There are several applications for this type of approach. We have presented average patient predictions due to the high residual uncertainty of Dennis et al. [12], but this may not be true for all prediction models. One is calculating the treatment response alongside the difference in treatment response for both therapies. Furthermore, due to the inclusion of DPMM, the model can provide probability distributions for any missing covariates. The availability of probability distributions for missing covariates, in turn, can be used to influence the choice of future covariate data collection to improve treatment response prediction. Instead of having a set rule, we use Figure 5 to choose a variable that reduces the uncertainty in the posterior distribution for the difference between the two treatments. Alternatively, we use Figure 5 to decide on the variable that provides the highest posterior probability of preference for one therapy. Lastly, if Figure 5 shows that one variable pushes the treatment response towards a side of the scale and a second variable pulls the treatment response towards another side, then collecting both variables would be beneficial.
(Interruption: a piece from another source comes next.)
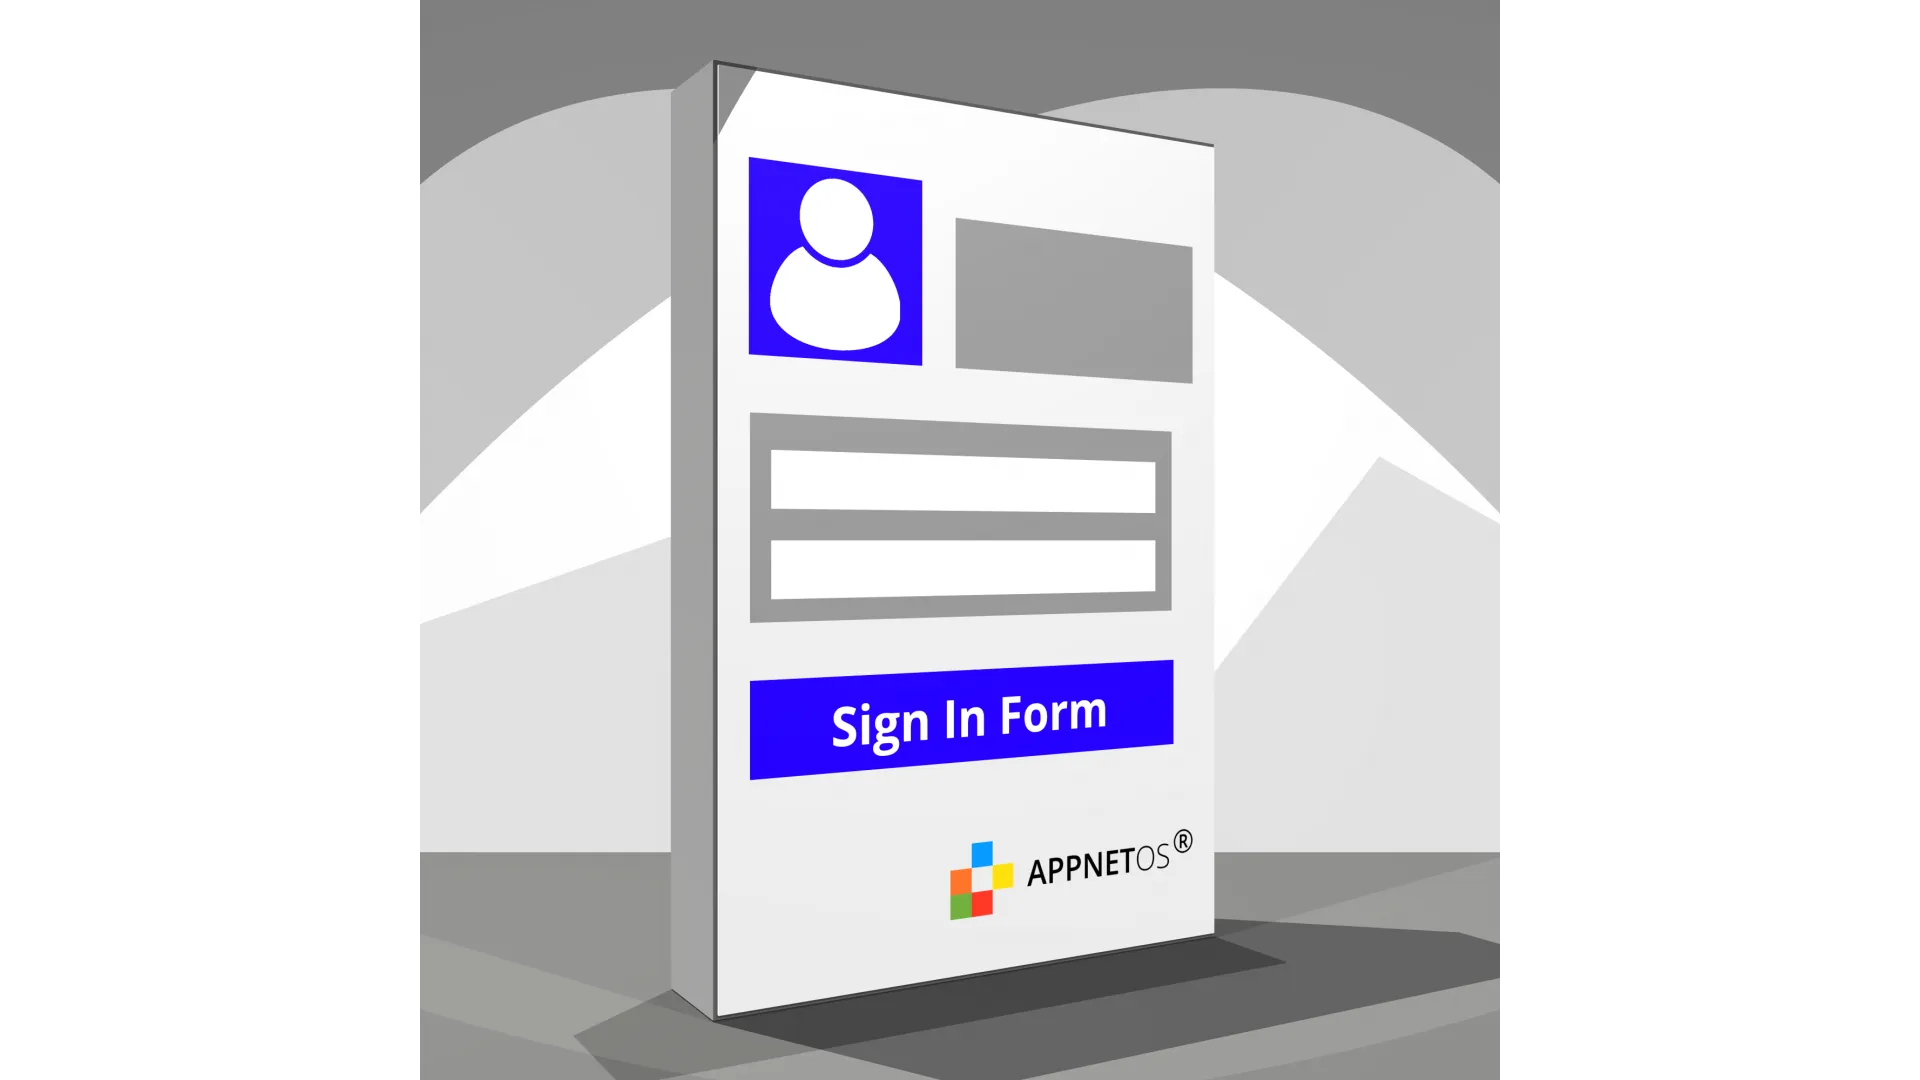 APPNET OS Formulario de inicio de sesión

The application of the DPMM in the context of treatment selection illustrates multiple potential benefits of the approach when developing clinical prediction tools. It enables the ability to build prediction models in the presence of any missing data, under the assumption the data is MCAR/MAR. Furthermore, even in the presence of complete data, the inclusion of the DPMM in the model building enables the potential to make predictions for patients with incomplete predictor information. Work is underway to expand the model when the missingness mechanism is not MAR/MCAR. The extension of the model allows for simultaneous fitting of the missingness mechanism, the treatment selection model and the DPMM. This is a novel approach with considerable advantages for prediction from treatment selection models, and many of these advantages would also be true for standard clinical prediction models.
Data Availability
All data produced in the present study are available upon reasonable request to the authors.
5 Funding
This research was supported by the Medical Research Council (UK) (MR/N00633X/1). P.C.’s PhD, T.J.M. and J.B. are funded by Research England’s Expanding Excellence in England (E3) fund. J.M.D. is supported by an Independent Fellowship funded by Research England’s Expanding Excellence in England (E3) fund. Approval for the study was granted by the CPRD Independent Scientific Advisory Committee (ISAC 13 177R).
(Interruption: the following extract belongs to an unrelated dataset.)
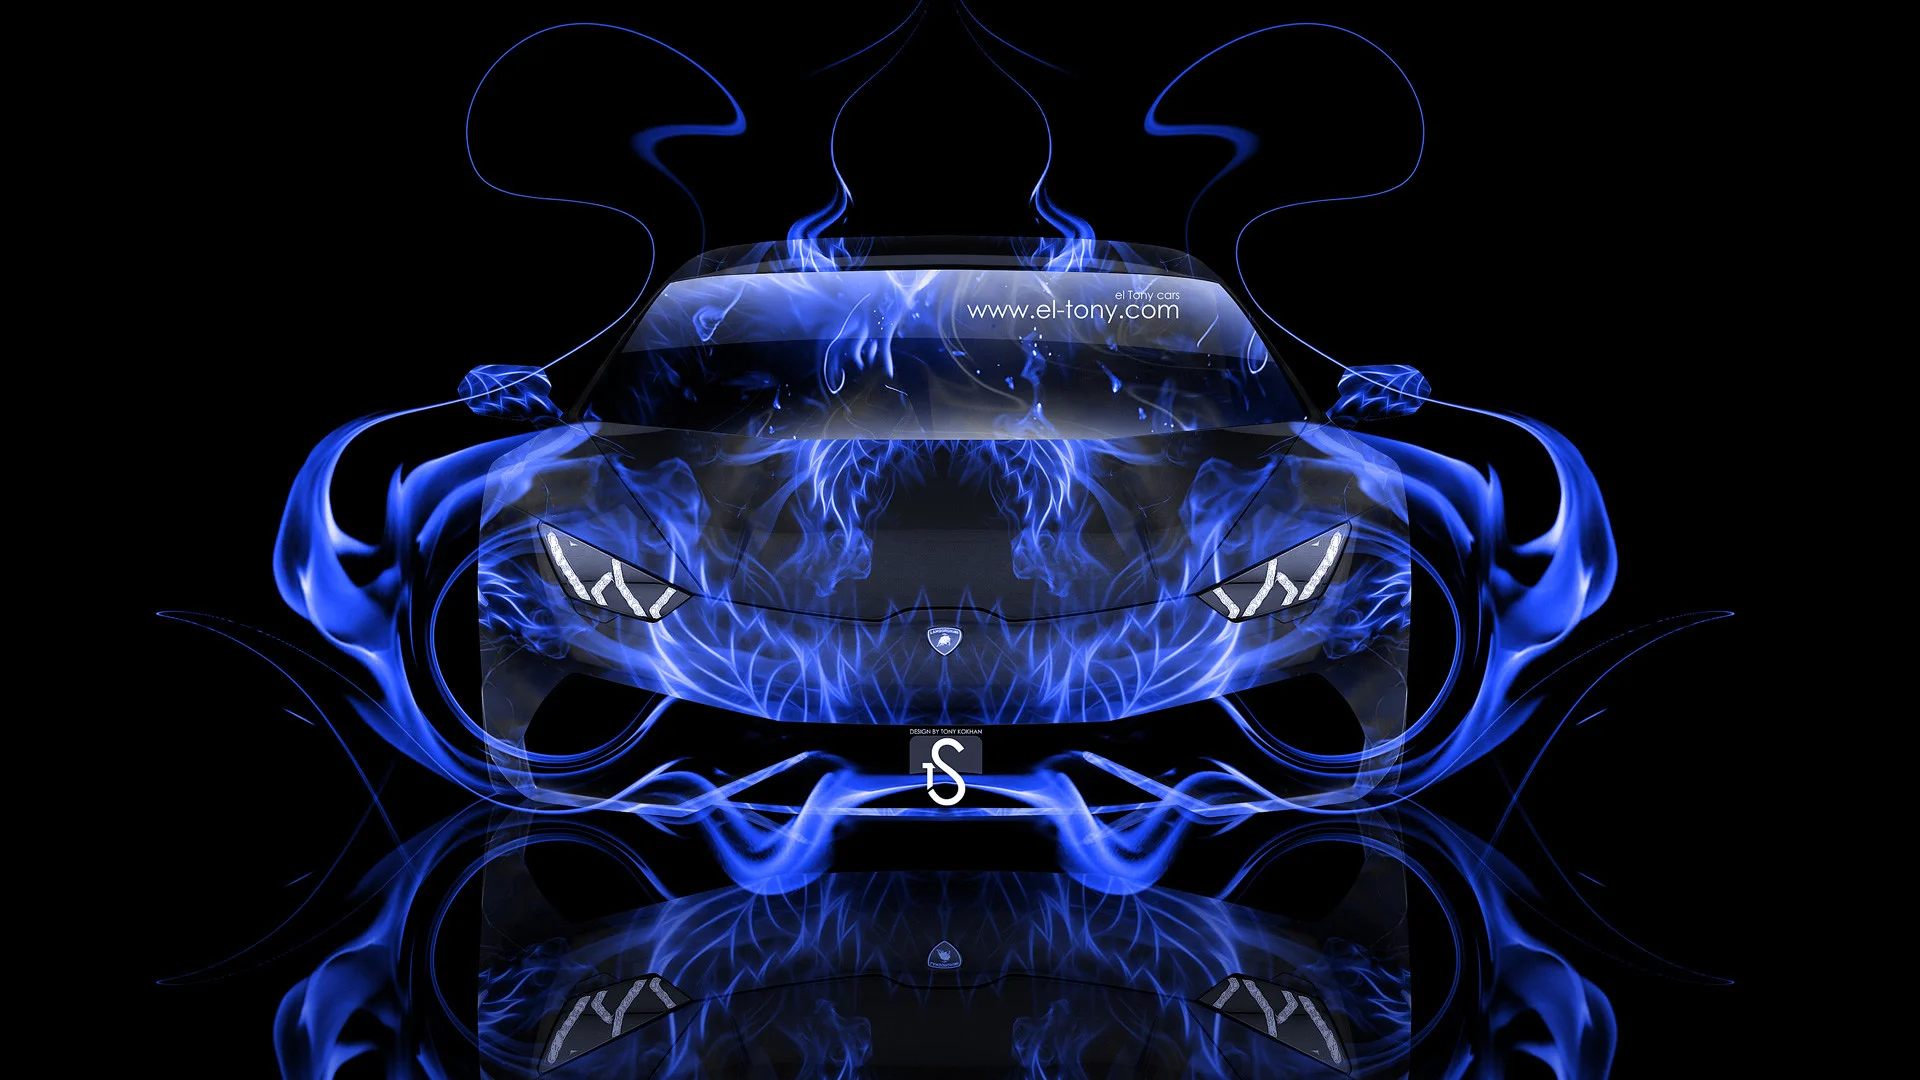 Lamborghini-Huracan-Front-Blue-Fire-Abstract-Car-2014-HD .

7 Data Availability Statement
The data underlying this article cannot be shared publicly due to the privacy of individuals that participated in the study. Synthetic sample data is available of GitHub within the repository “PM-Cardoso/DPMM-tsm”.
8 Supplementary Material
Supplementary data are available online.
6 Acknowledgements
This article is based in part on data from the Clinical Practice Research Datalink (CPRD) obtained under licence from the UK Medicines and Healthcare products Regulatory Agency. CPRD data is provided by patients and collected by the NHS as part of their care and support.